NVIDIA and Samsung, up to this point, have gone the processor license route. They take ARM designed cores (e.g. Cortex A9, Cortex A15, Cortex A7) and integrate them into custom SoCs. In NVIDIA’s case the CPU cores are paired with NVIDIA’s own GPU, while Samsung licenses GPU designs from ARM and Imagination Technologies. Apple previously leveraged its ARM processor license as well. Until last year’s A6 SoC, all Apple SoCs leveraged CPU cores designed by and licensed from ARM.

With the A6 SoC however, Apple joined the ranks of Qualcomm with leveraging an ARM architecture license. At the heart of the A6 were a pair of Apple designed CPU cores that implemented the ARMv7-A ISA. I came to know these cores by their leaked codename: Swift.

At its introduction, Swift proved to be one of the best designs on the market. An excellent combination of performance and power consumption, the Swift based A6 SoC improved power efficiency over the previous Cortex A9 based design. Swift also proved to be competitive with the best from Qualcomm at the time. Since then however, Qualcomm has released two evolutions of its CPU core (Krait 300 and Krait 400), and pretty much regained performance leadership over Apple. Being on a yearly release cadence, this is Apple’s only attempt to take back the crown for the next 12 months.

Following tradition, Apple replaces its A6 SoC with a new generation: A7.

With only a week to test battery life, performance, wireless and cameras on two phones, in addition to actually using them as intended, there wasn’t a ton of time to go ridiculously deep into the new SoC’s architecture. Here’s what I’ve been able to piece together thus far.
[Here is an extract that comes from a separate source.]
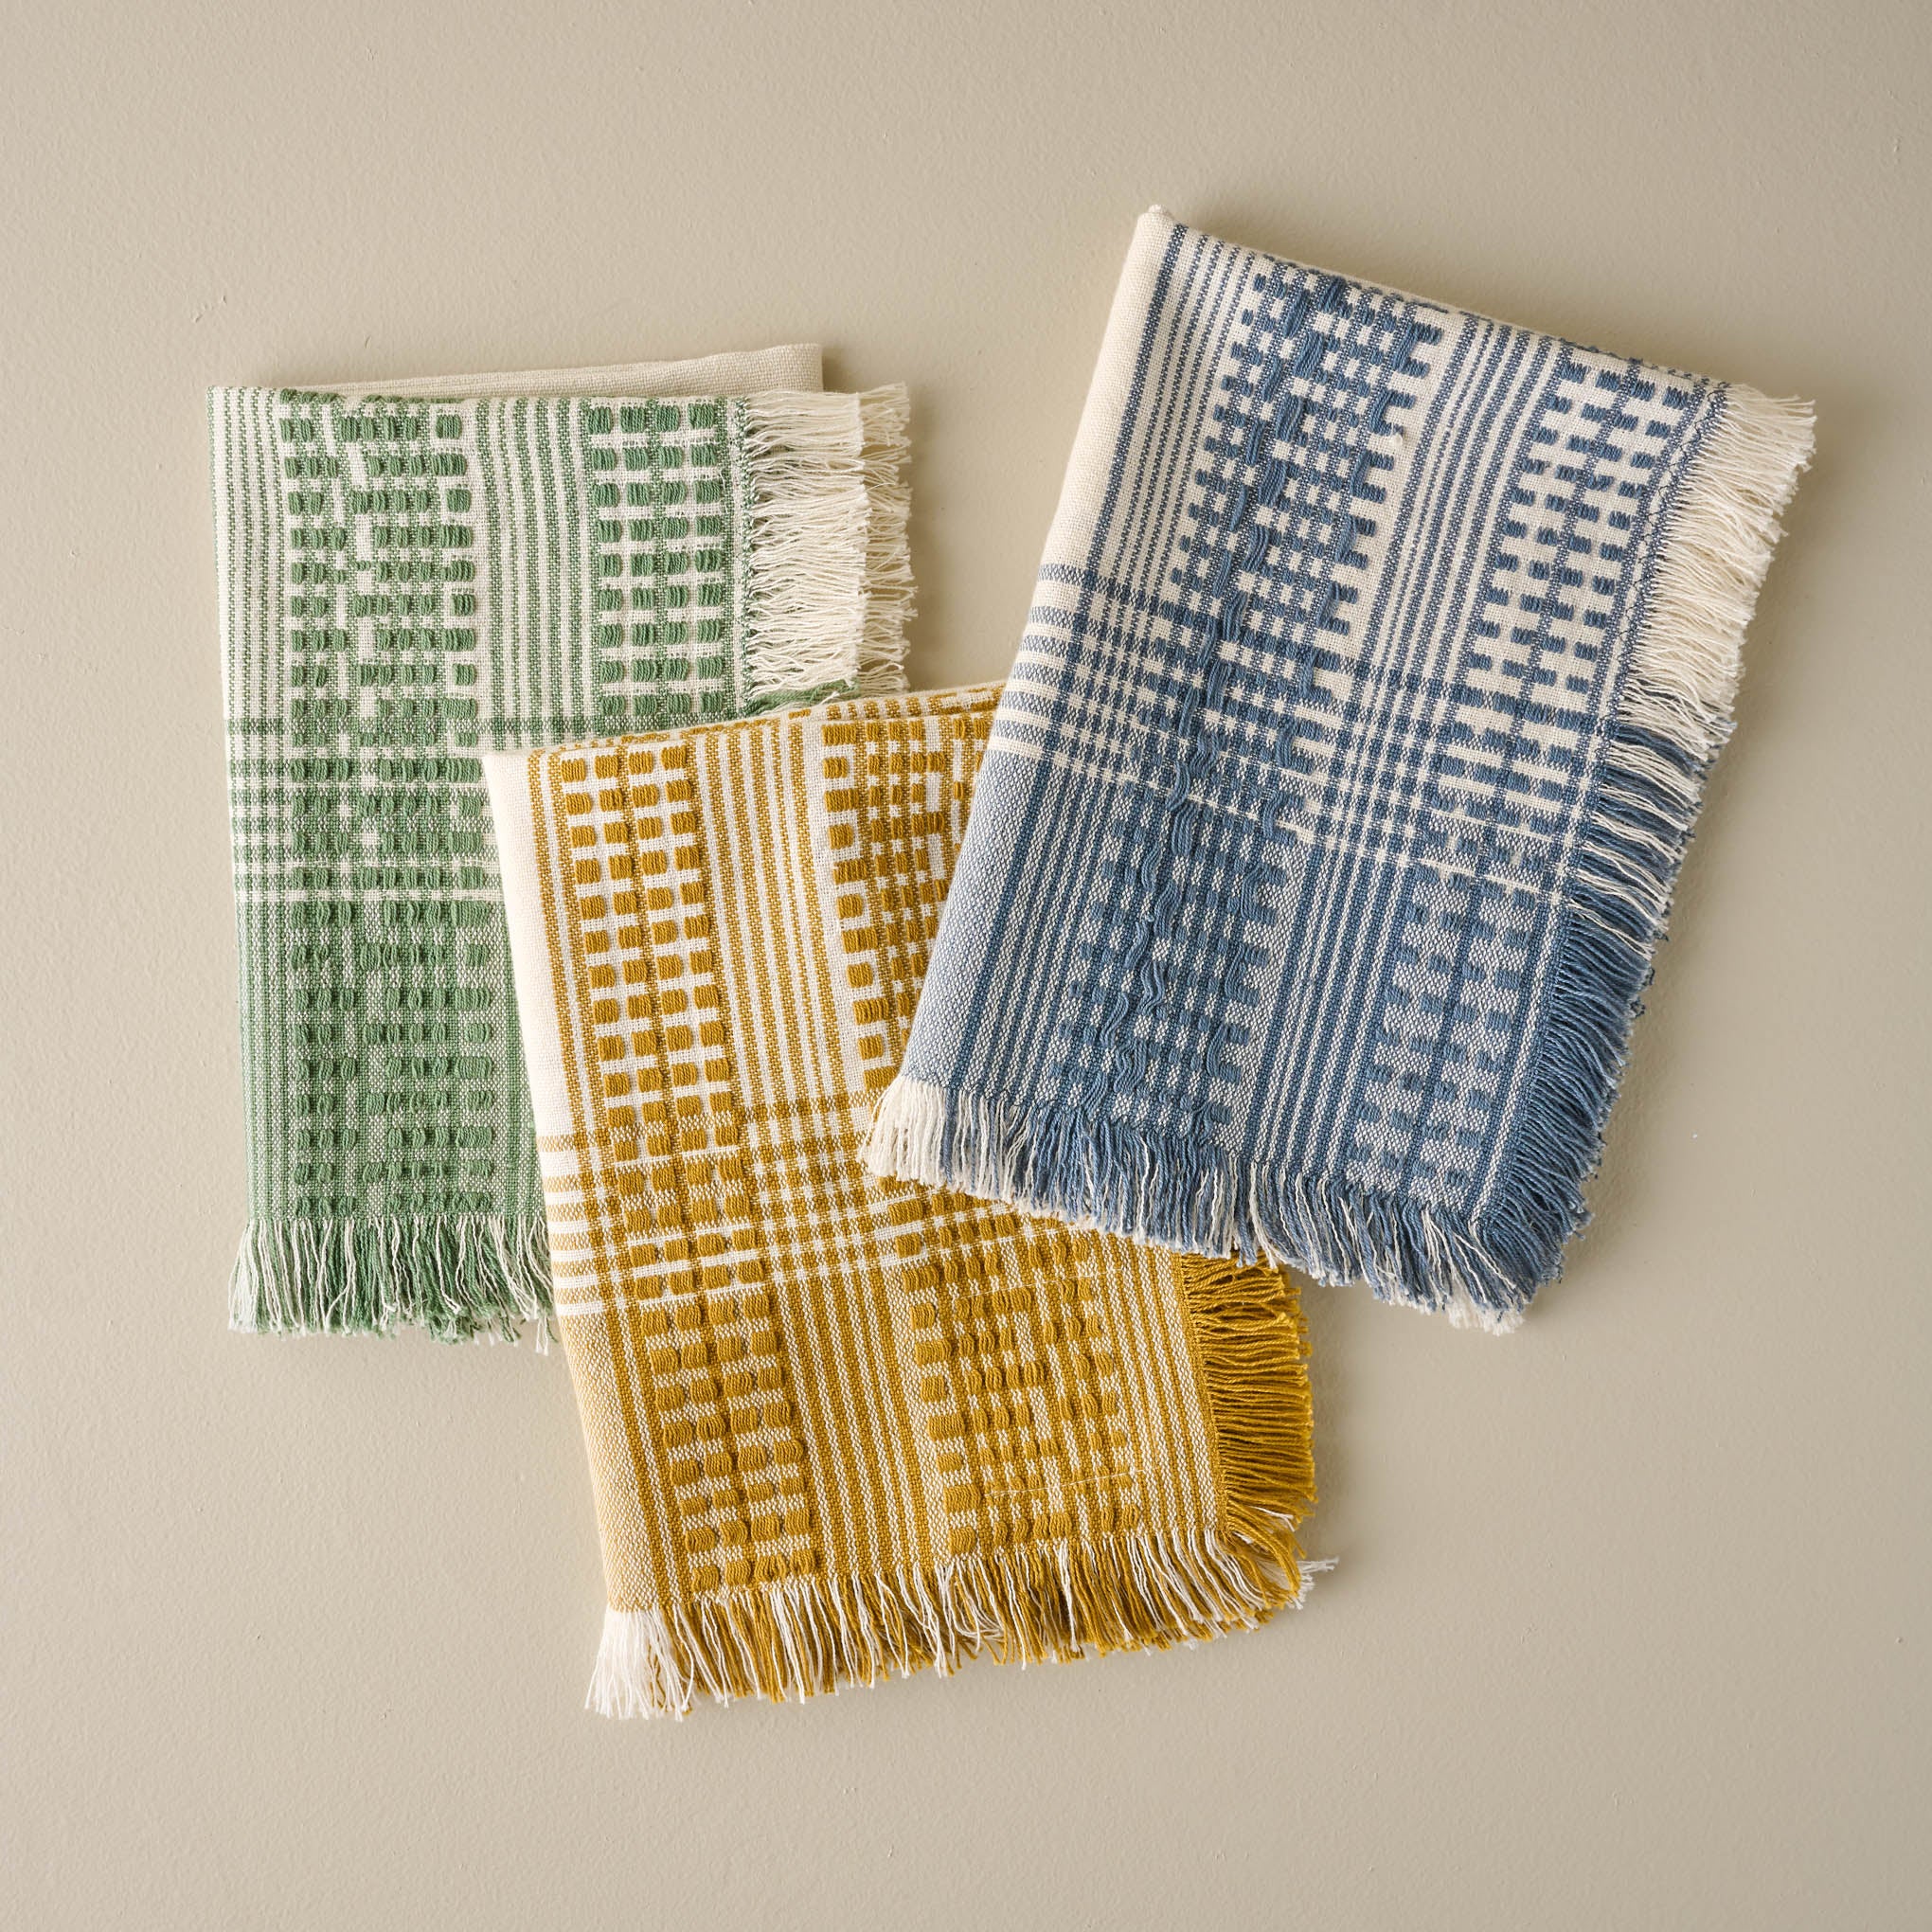 Magnolia Plaid Makers Mark Tea Towel in three color variants $16.00

First off, based on conversations with as many people in the know as possible, as well as just making an educated guess, it’s probably pretty safe to say that the A7 SoC is built on Samsung’s 28nm HK+MG process. It’s too early for 20nm at reasonable yields, and Apple isn’t ready to move some (not all) of its operations to TSMC.

The jump from 32nm to 28nm results in peak theoretical scaling of 76.5% (the same design on 28nm can be no smaller than 76.5% of the die area at 32nm). In reality, nothing ever scales perfectly so we’re probably talking about 80 - 85% tops. Either way that’s a good amount of room for new features.
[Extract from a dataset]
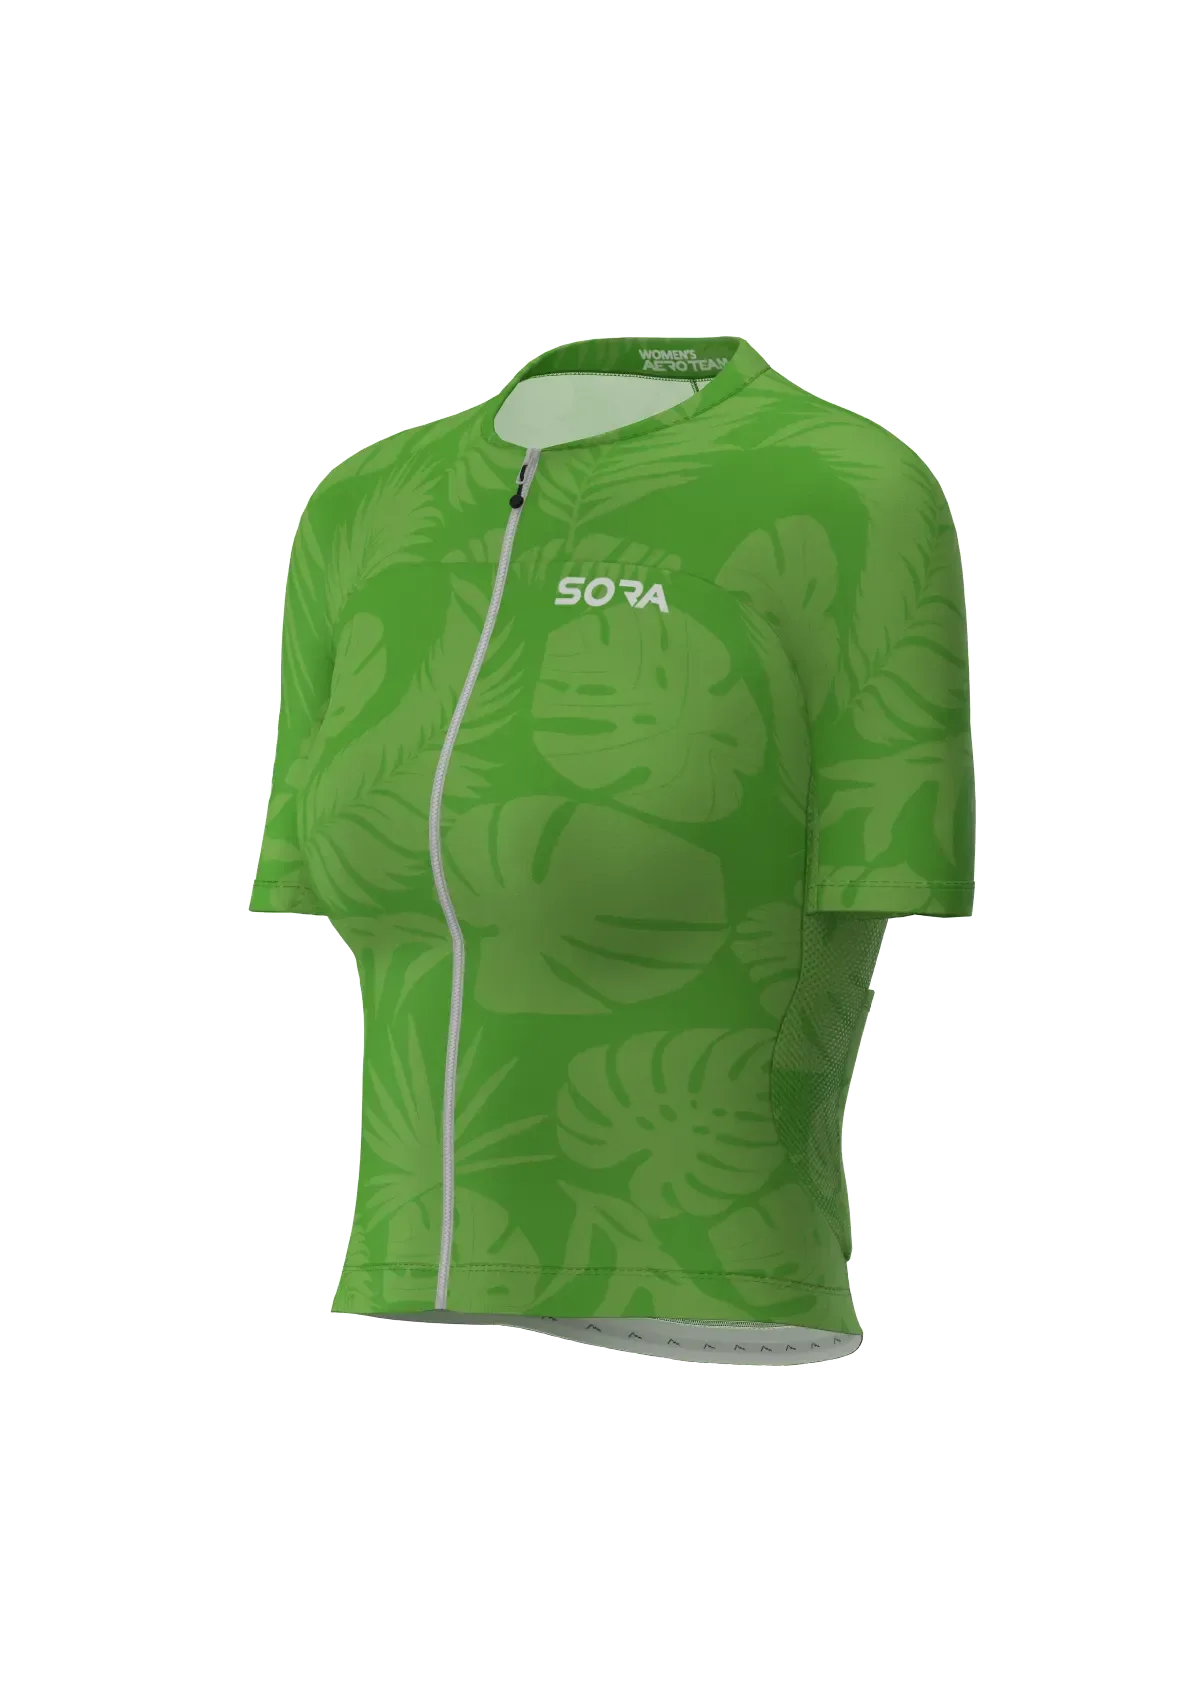 Aero Team women's cycling jersey green

At its launch event Apple officially announced both die size for the A7 (102mm^2) as well as transistor count (over 1 billion). Don’t underestimate the magnitude of both of these disclosures. The technical folks at Cupertino are clearly winning some battle to talk more about their designs and not less. We’re not yet at the point where I’m getting pretty diagrams and a deep dive, but it’s clear that Apple is beginning to open up more (and it’s awesome).

Apple has never previously disclosed transistor count. I also don’t know if this “over 1 billion” figure is based on a schematic or layout transistor count. The only additional detail I have is that Apple is claiming a near doubling of transistors compared to the A6. Looking at die sizes and taking into account scaling from the process node shift, there’s clearly a more fundamental change to the chip’s design. It is possible to optimize a design (and transistors) for area, which seems to be what has happened here.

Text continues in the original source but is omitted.